# [WORK ORDER]
The entries below contain a line with "Homemade designer clay" and a line with "Global Multi-Resolution Terrain". Retype exactly everything from the first down to the second, both included, and nothing else.

# [MATERIAL FOR THIS EXERCISE]
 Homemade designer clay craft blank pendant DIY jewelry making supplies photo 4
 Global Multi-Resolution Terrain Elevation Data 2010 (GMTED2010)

--

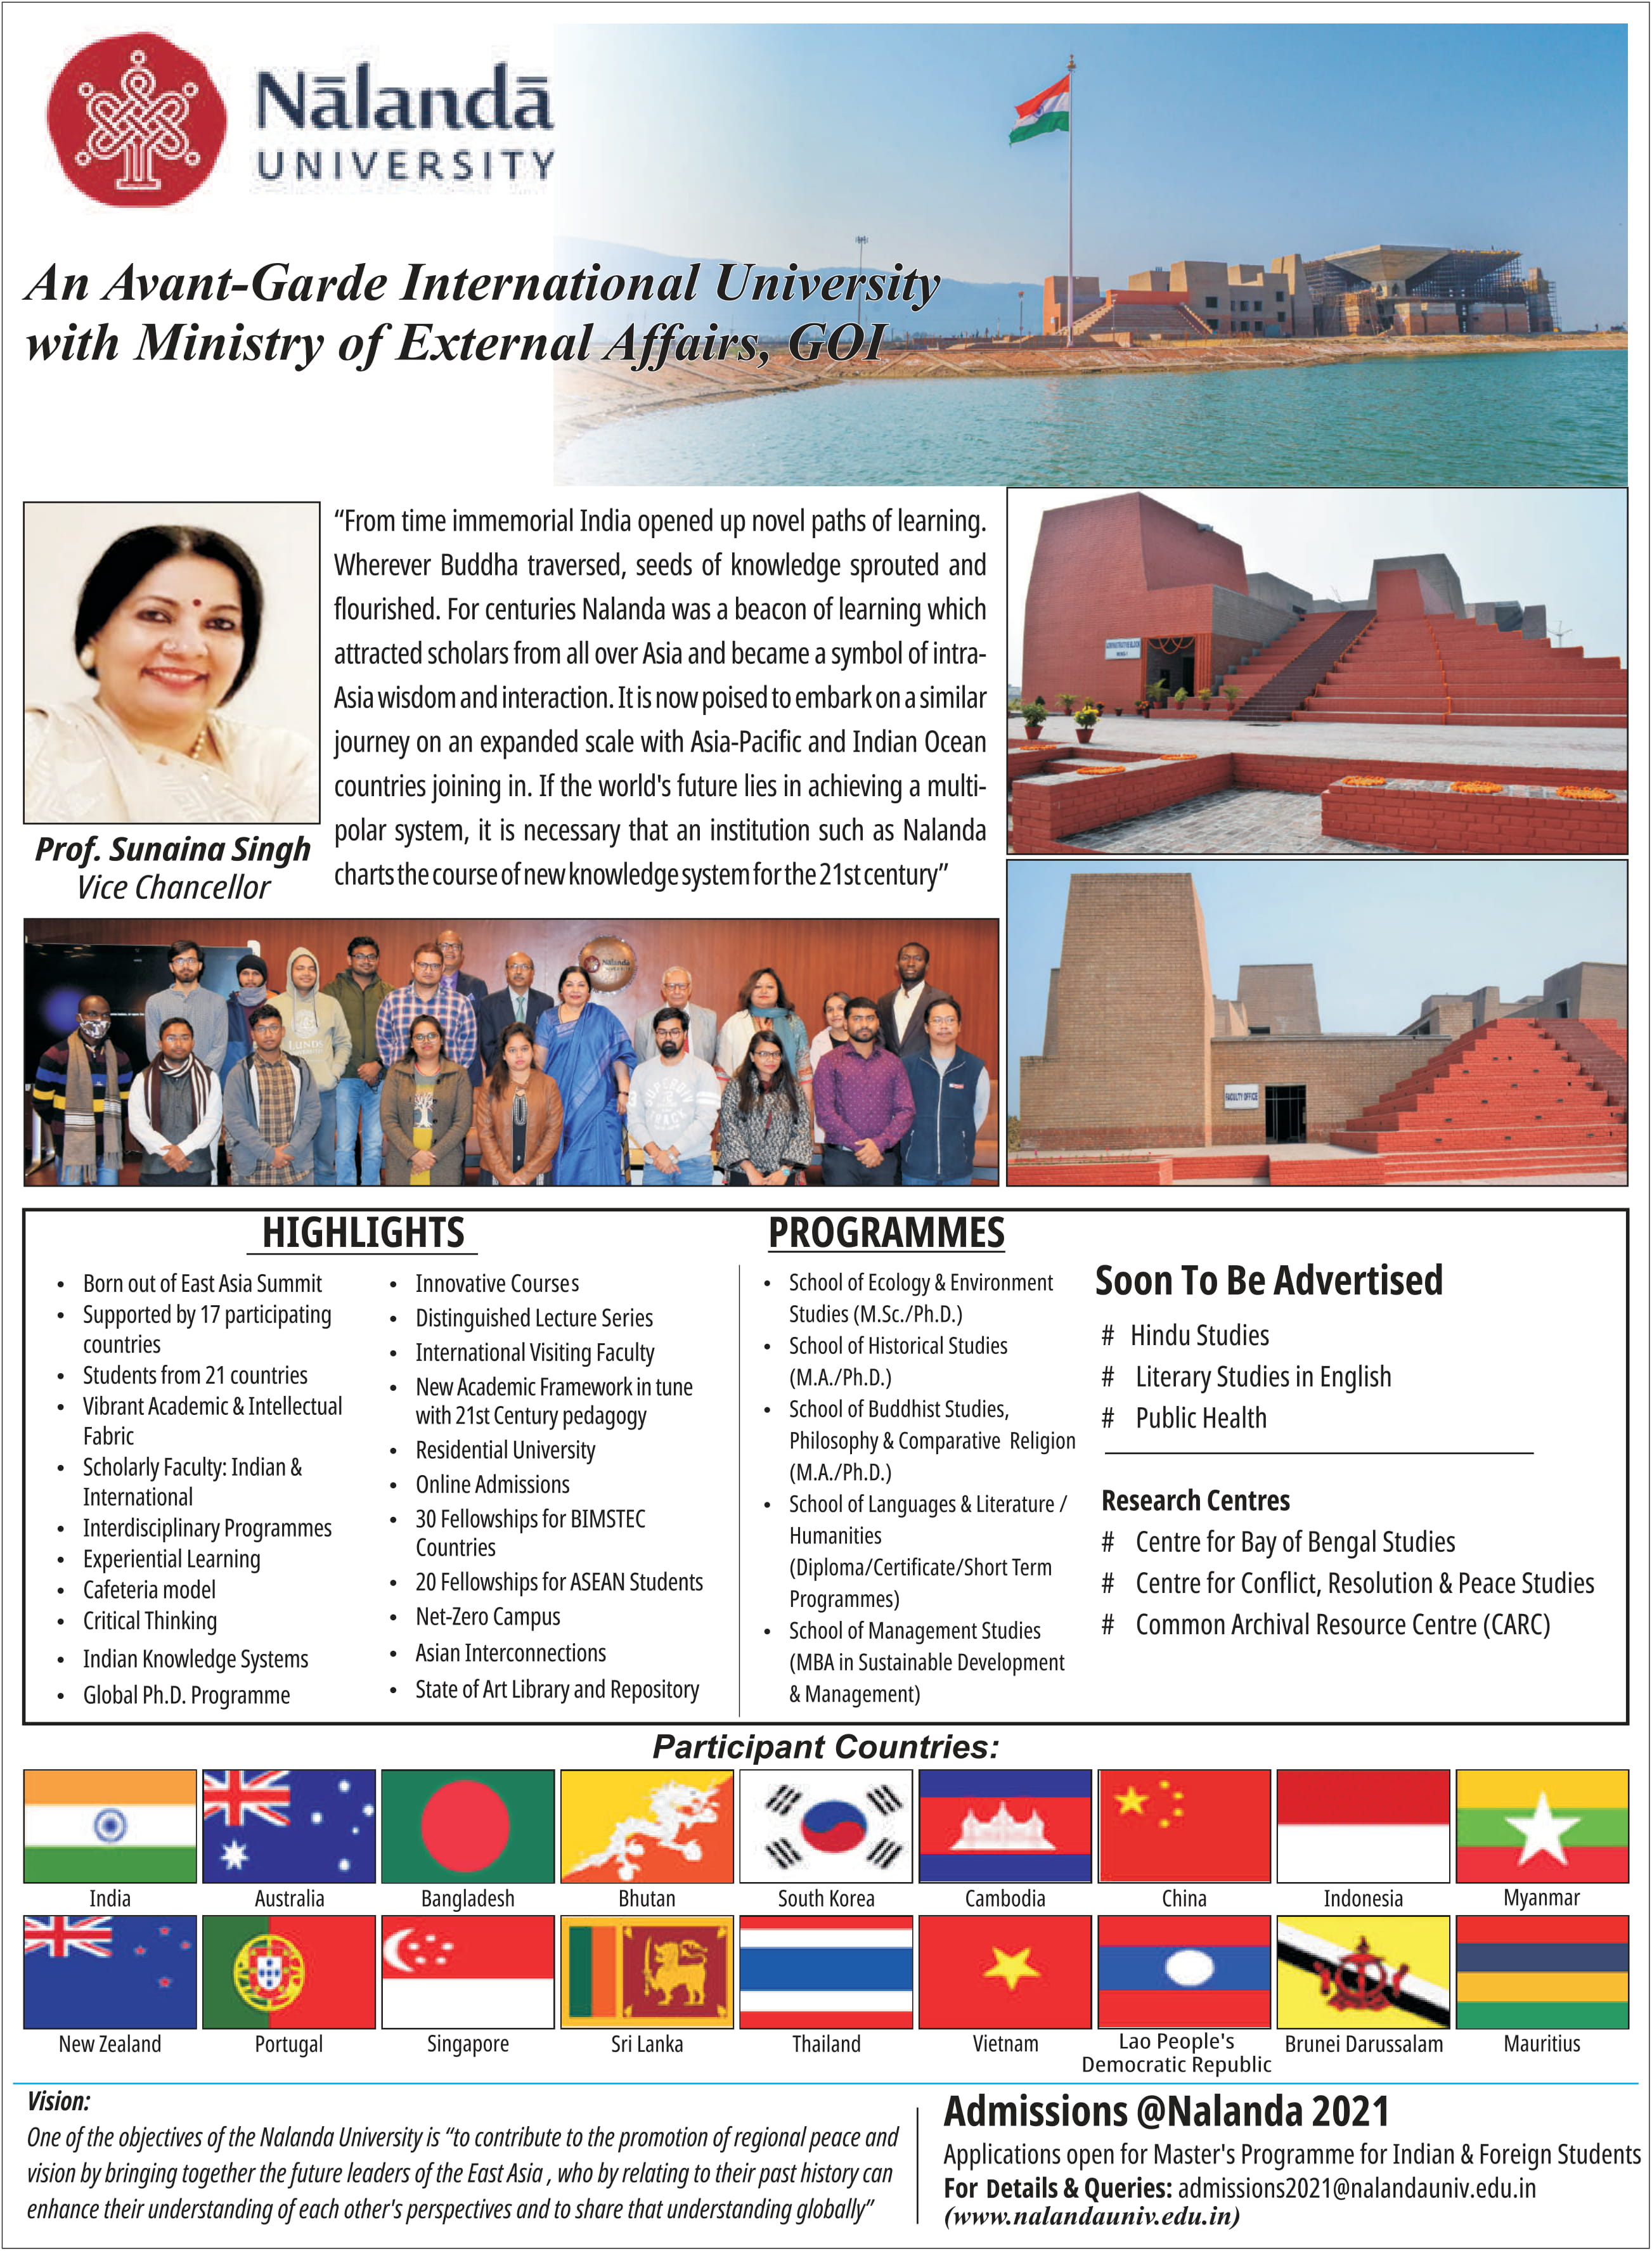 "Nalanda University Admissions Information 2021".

...

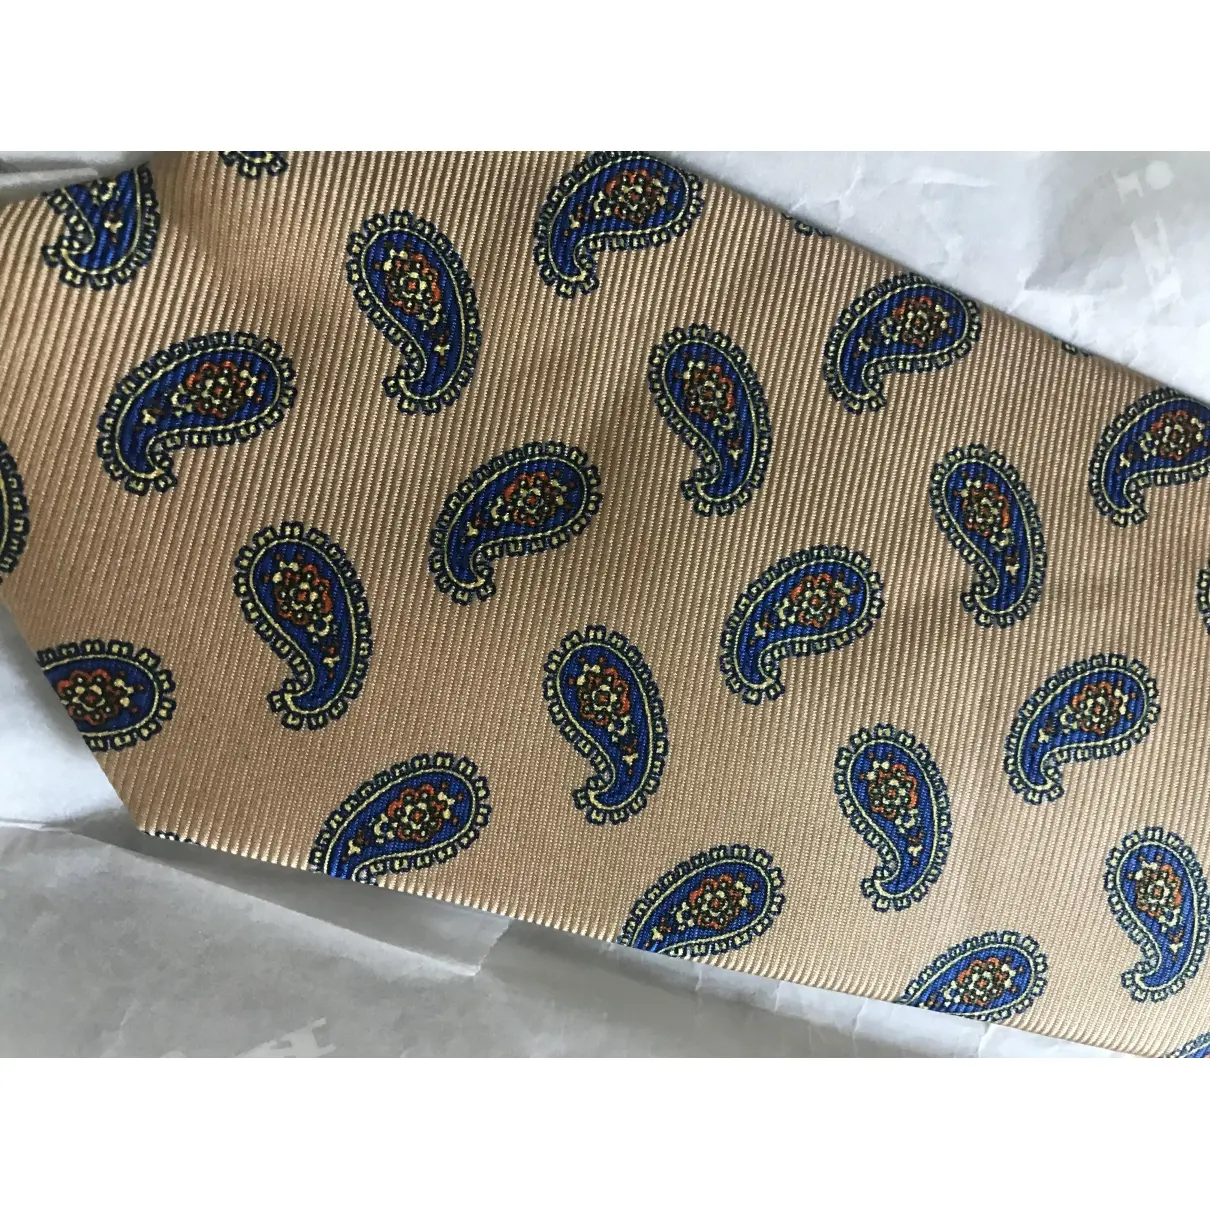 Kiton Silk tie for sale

# [ANSWER]
 Homemade designer clay craft blank pendant DIY jewelry making supplies photo 4
 Global Multi-Resolution Terrain Elevation Data 2010 (GMTED2010)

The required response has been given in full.